## YOUR TASK
The material below holds pictures; leave them out, and copy exactly, and only, the lines from the one with "Can I Push? Journal" through the last.

## COLLECTED DATA
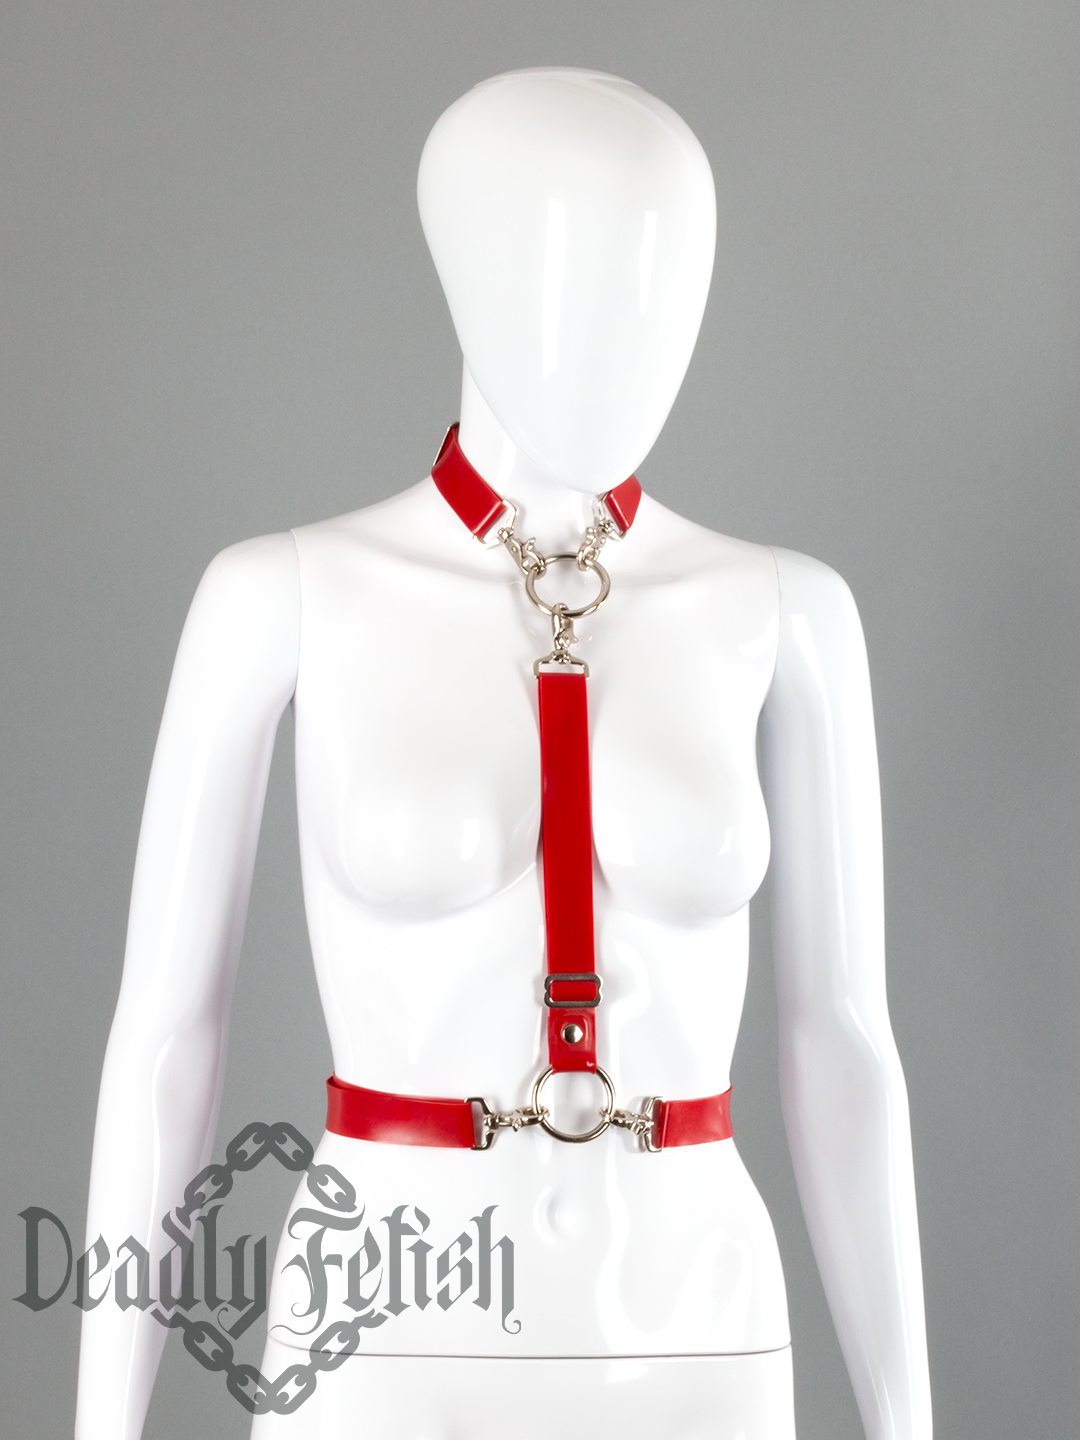 Deadly Fetish Latex: Harness #75
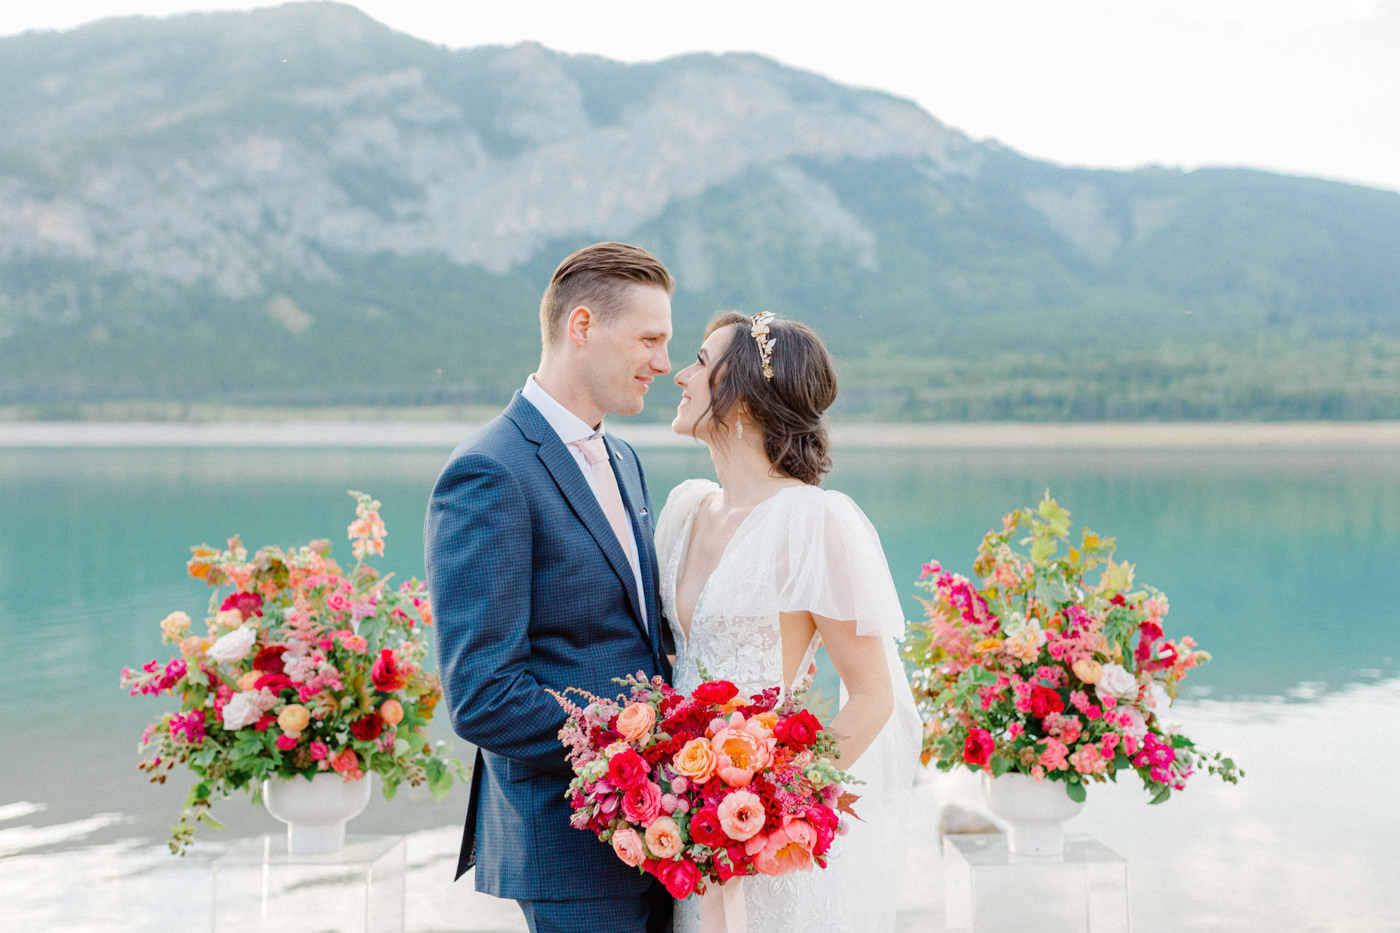 Lakeside elopement inspiration with mountain views
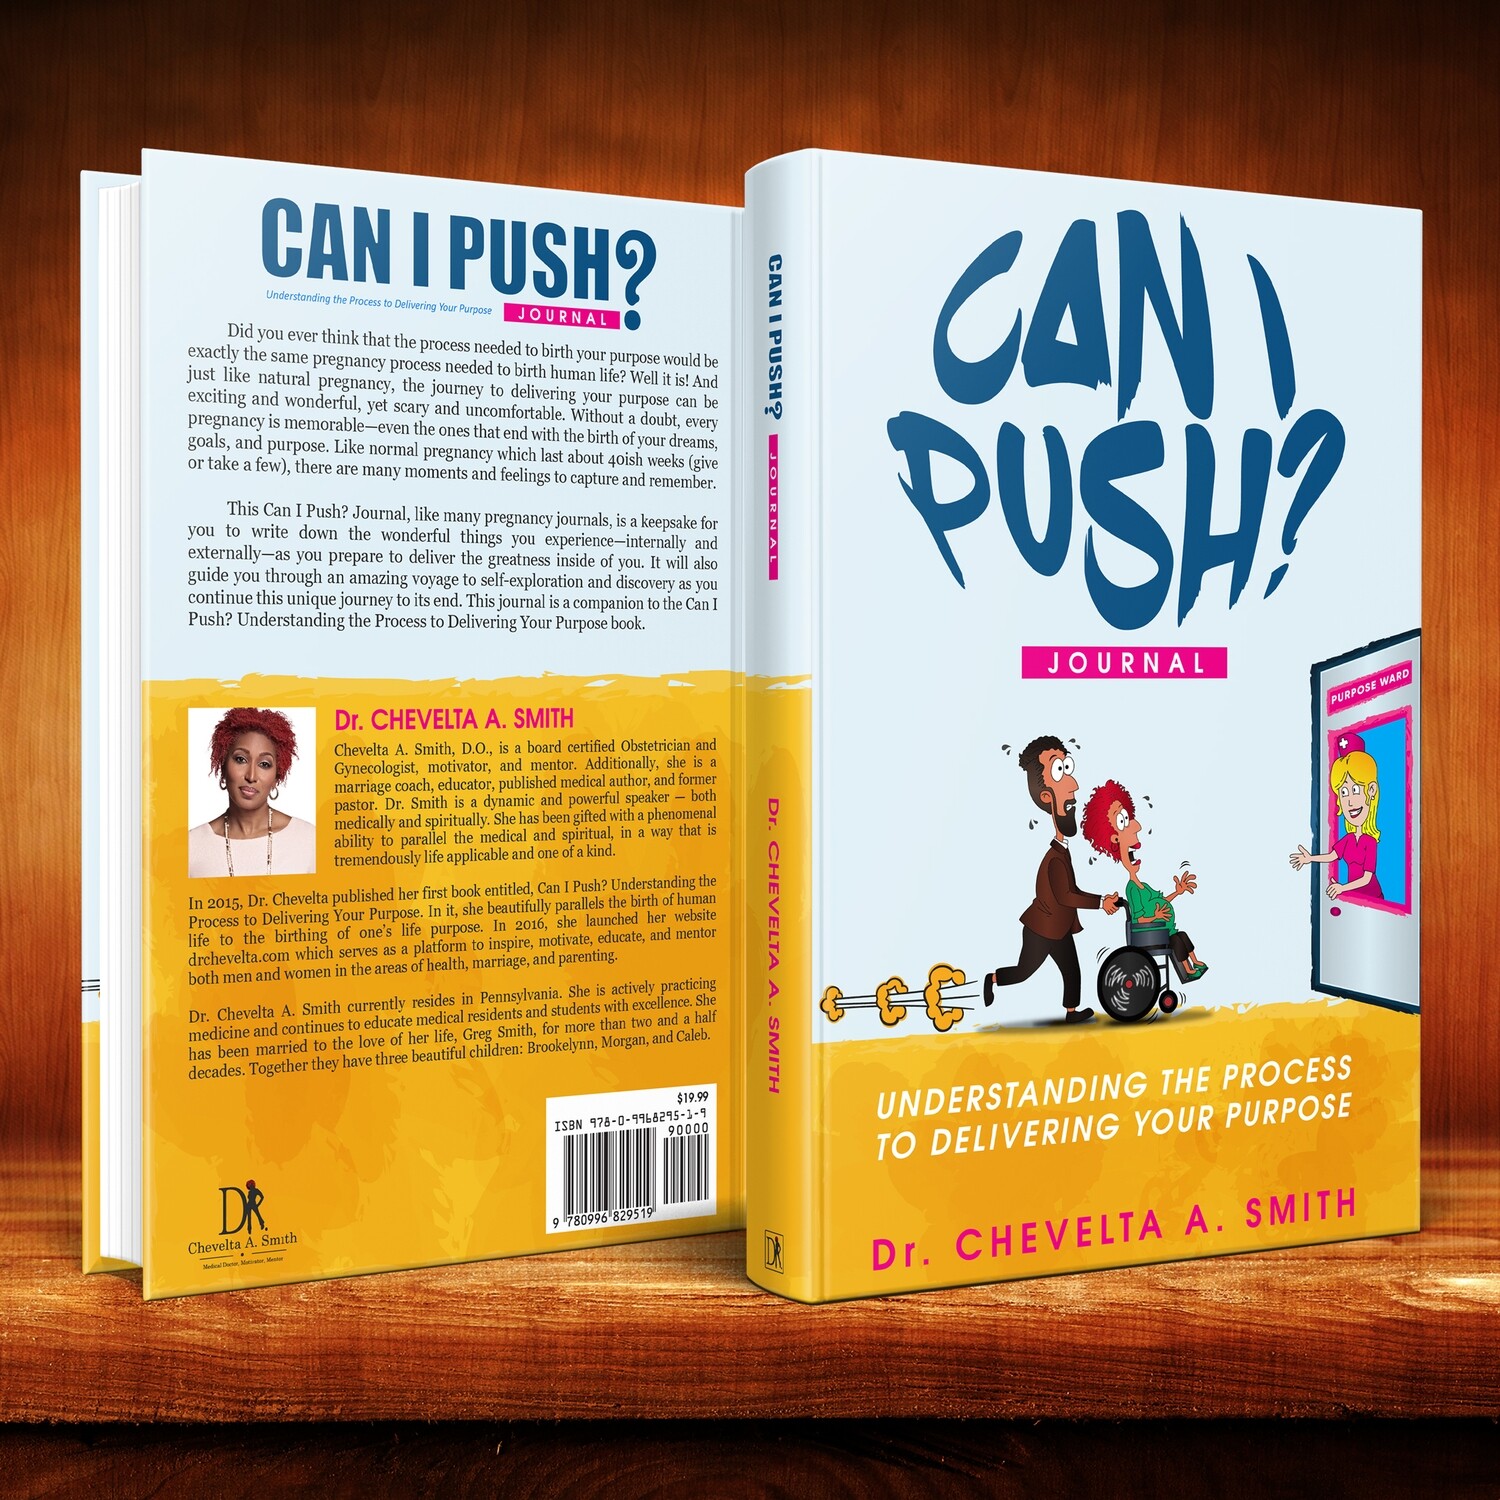 Can I Push? Journal
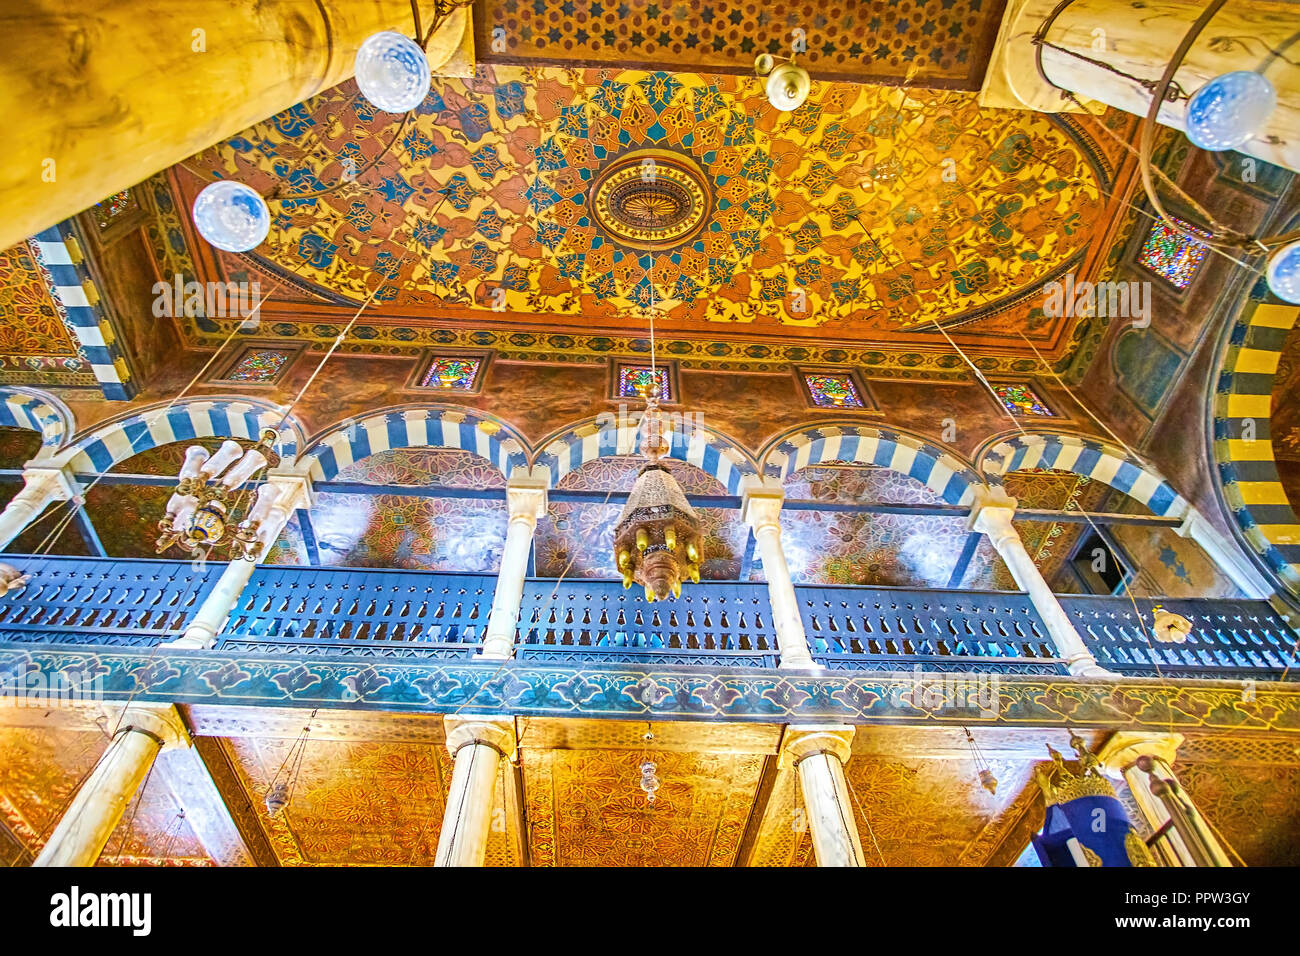 CAIRO, EGYPT - DECEMBER 23, 2017: The wooden ceiling of Ben Ezra Synagogue decorated with intricate patterns, and ottoman style arcades of the women p Stock Photo

## WRITTEN ANSWER
 Can I Push? Journal
 CAIRO, EGYPT - DECEMBER 23, 2017: The wooden ceiling of Ben Ezra Synagogue decorated with intricate patterns, and ottoman style arcades of the women p Stock Photo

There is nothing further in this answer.